Ia menambahkan bahwa permasalahan utama terletak pada kebijakan yang belum sepenuhnya berpihak kepada kesejahteraan petani dan kedaulatan pangan di Indonesia. Prof Totok menegaskan bahwa mencetak sawah baru di Kalimantan bukanlah prioritas utama saat ini.

Risiko yang dihadapi apabila proyek food estate ini dilaksanakan tidaklah kecil. Prof Totok memperingatkan akan terjadi pengambilalihan hak kepemilikan lahan dari masyarakat lokal, yang berpotensi menimbulkan konflik sosial. "Hal itu akan berpotensi menimbulkan persoalan atau konflik di masyarakat," ungkapnya.
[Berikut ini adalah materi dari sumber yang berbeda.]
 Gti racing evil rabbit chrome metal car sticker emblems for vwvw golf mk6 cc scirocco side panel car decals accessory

Masalah lain yang disoroti adalah terkait dengan kesuburan lahan dan ketersediaan air di Kalimantan, yang hanya memungkinkan penanaman padi sekali setahun, atau memerlukan investasi besar untuk penyediaan air guna penanaman dua kali setahun.
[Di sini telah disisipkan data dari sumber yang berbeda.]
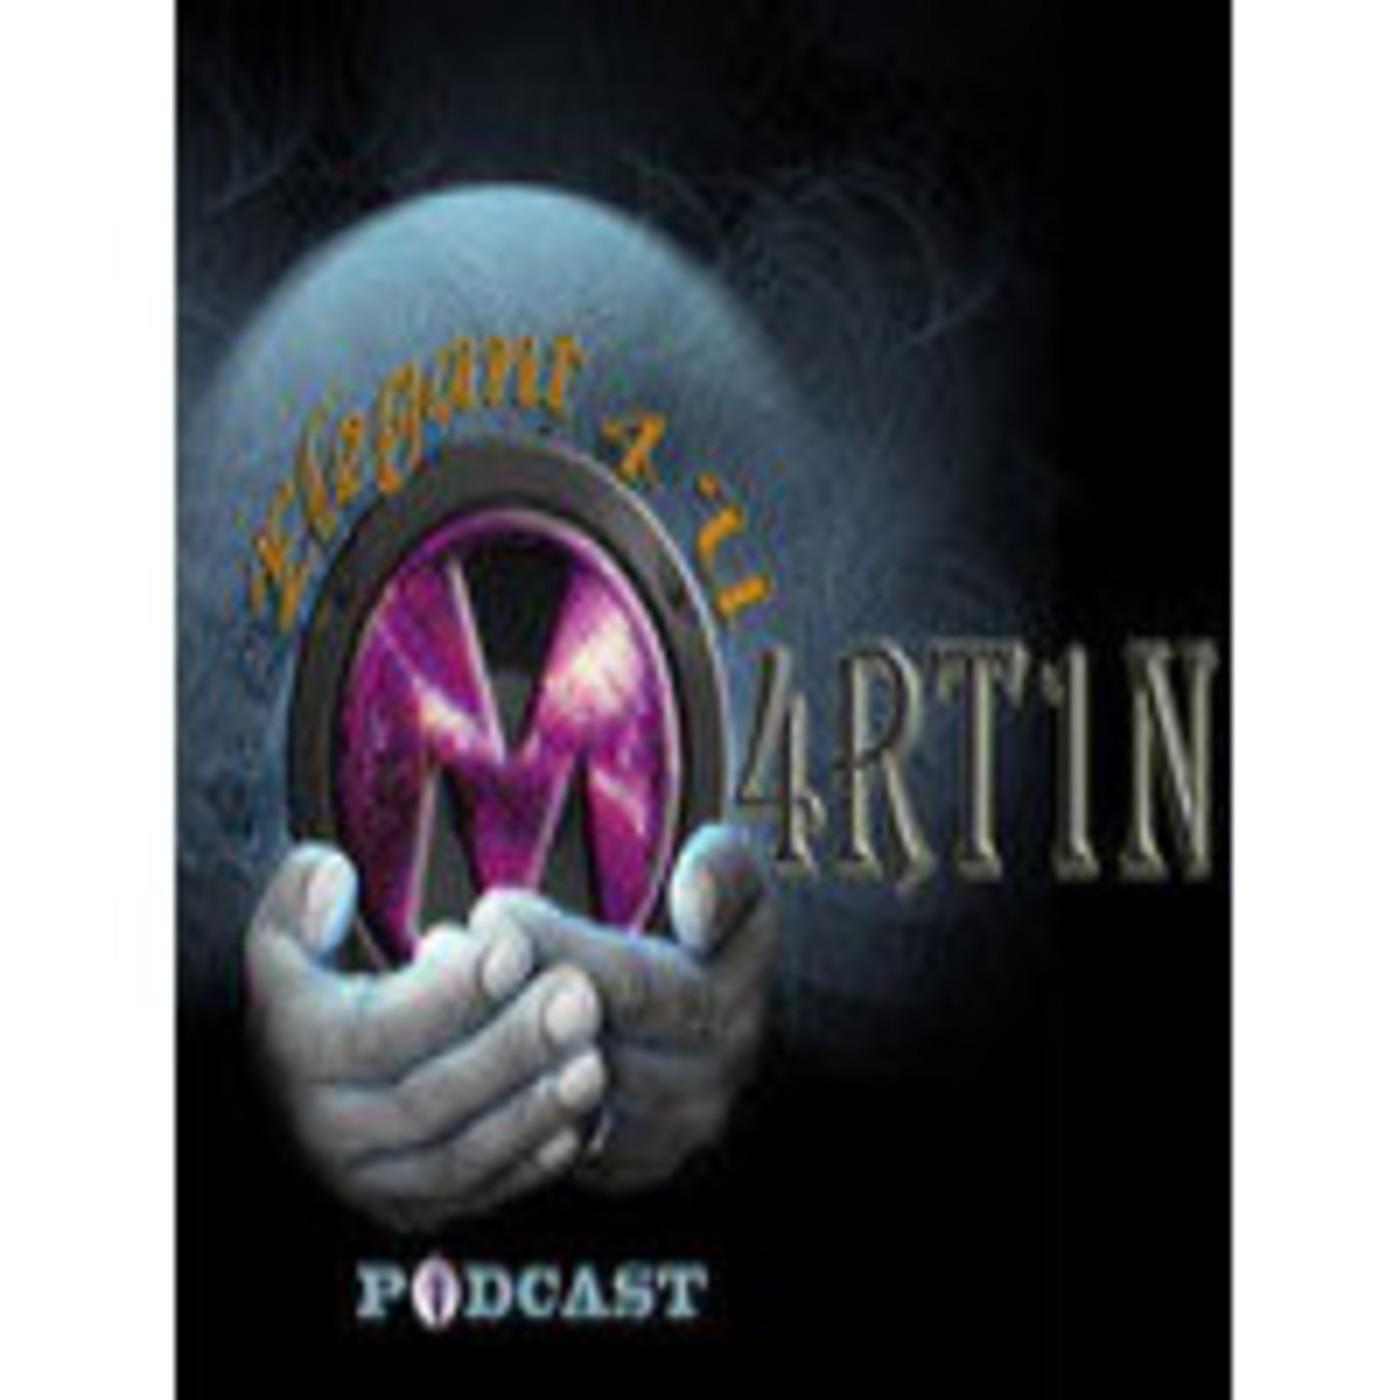 <![CDATA[Elegant 4 U Podcast 2]]>

Baca Juga: Tarif Sewa Mesin Panen Padi Melambung, Bagaimana Nasib Petani?

Lebih jauh, Prof Totok berpendapat bahwa food estate di Kalimantan tidak akan berdampak signifikan terhadap kesejahteraan petani. Ia menjelaskan bahwa ketika produksi padi meningkat, harga tawar produk panen petani cenderung melemah, seperti yang terjadi pada harga gabah saat panen raya.

Kritik Prof Totok juga tertuju pada penggunaan investasi dan tenaga asing dalam pengembangan lahan padi baru ini. "
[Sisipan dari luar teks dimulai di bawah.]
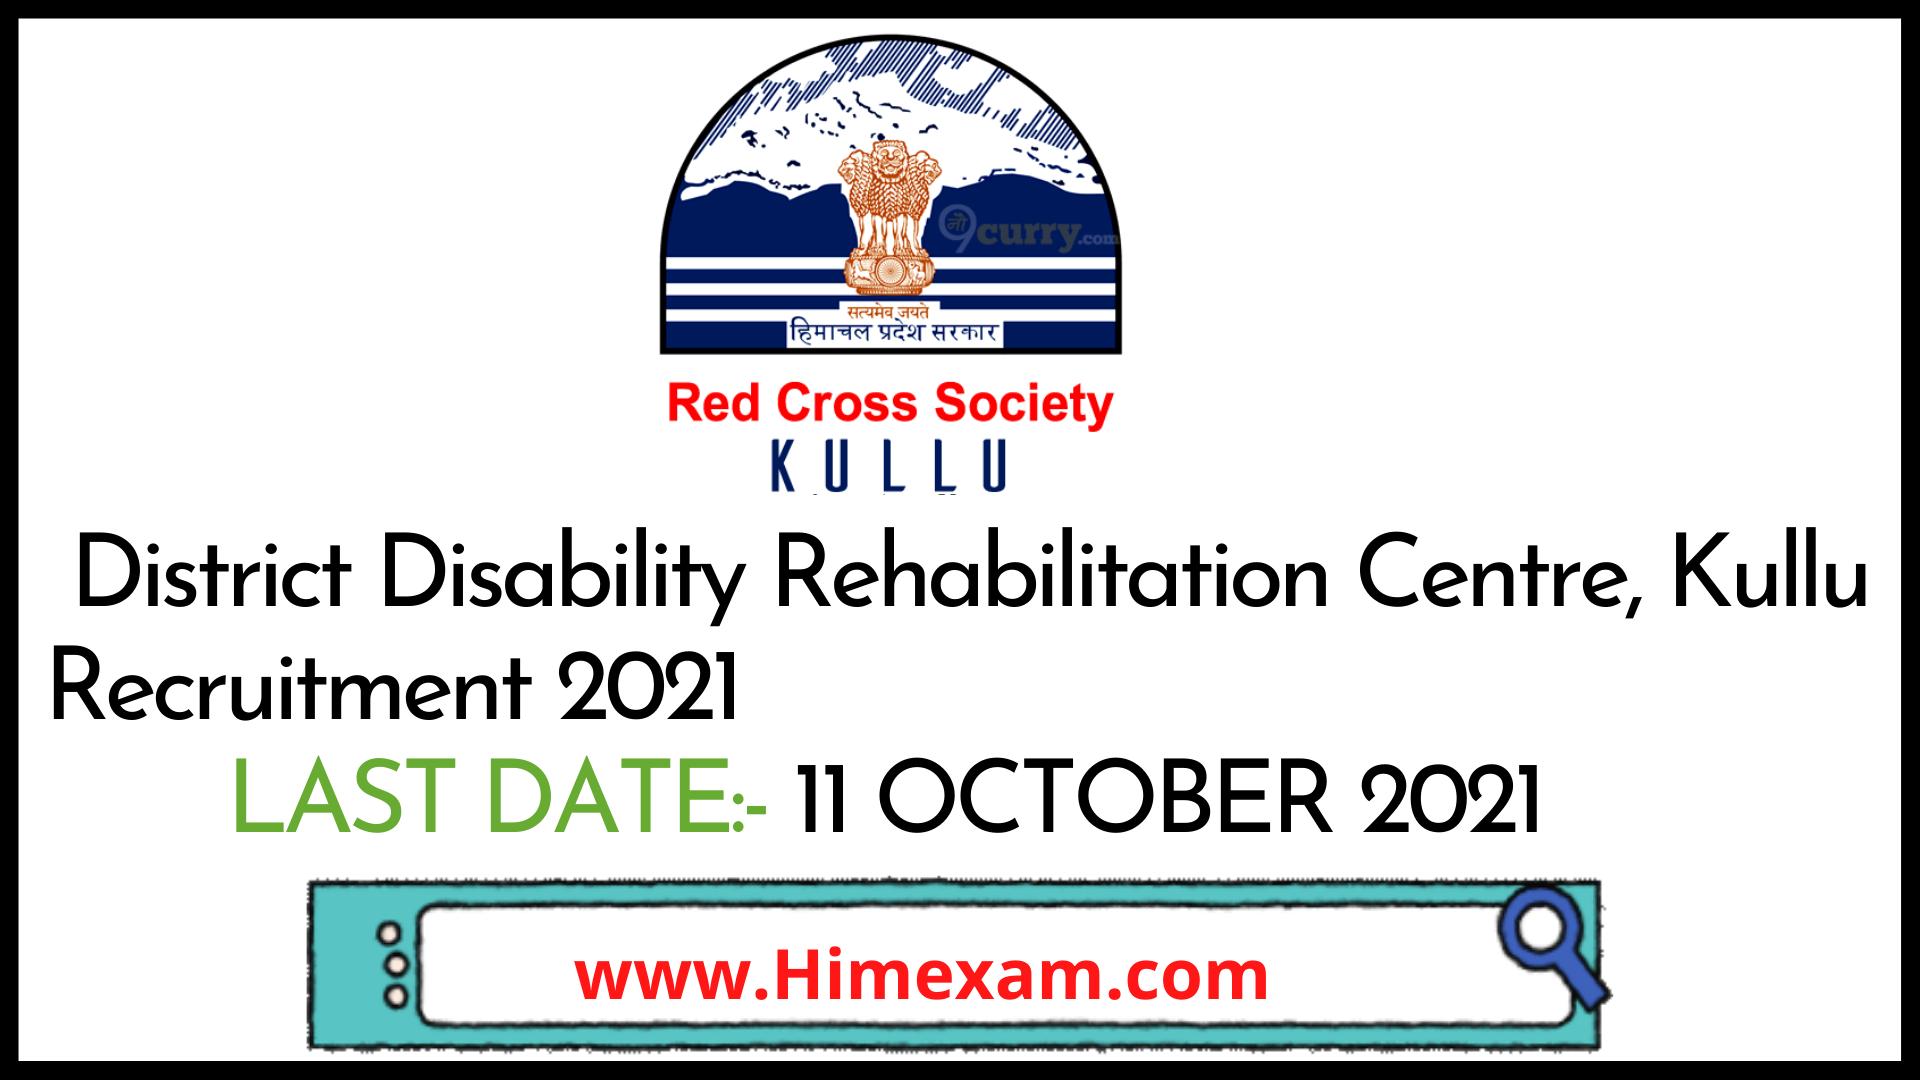 District Disability Rehabilitation Centre, Kullu Recruitment 2021

Pengembangan padi 1 juta hektare dengan investasi dan tenaga asing itu menggambarkan seolah-olah pemerintah kurang percaya dengan kepakaran dan penguasaan teknologi oleh petani maupun ahli pertanian di Indonesia," katanya.

Totok menyarankan agar pemerintah melakukan kajian yang saksama dan detail terkait dengan aspek politik, ekonomi, budaya, dan keberlanjutan daya dukung lahan sebelum memulai proyek tersebut.

"Kalaupun mau mengembangkan sawah 1 juta hektare itu perlu kajian yang saksama dan detail," tegas Prof Totok.

Baca Juga: Program Padi IP 400, Panen 4 Kali Setahun, Siap Melonjak 7 Kali Lipat!!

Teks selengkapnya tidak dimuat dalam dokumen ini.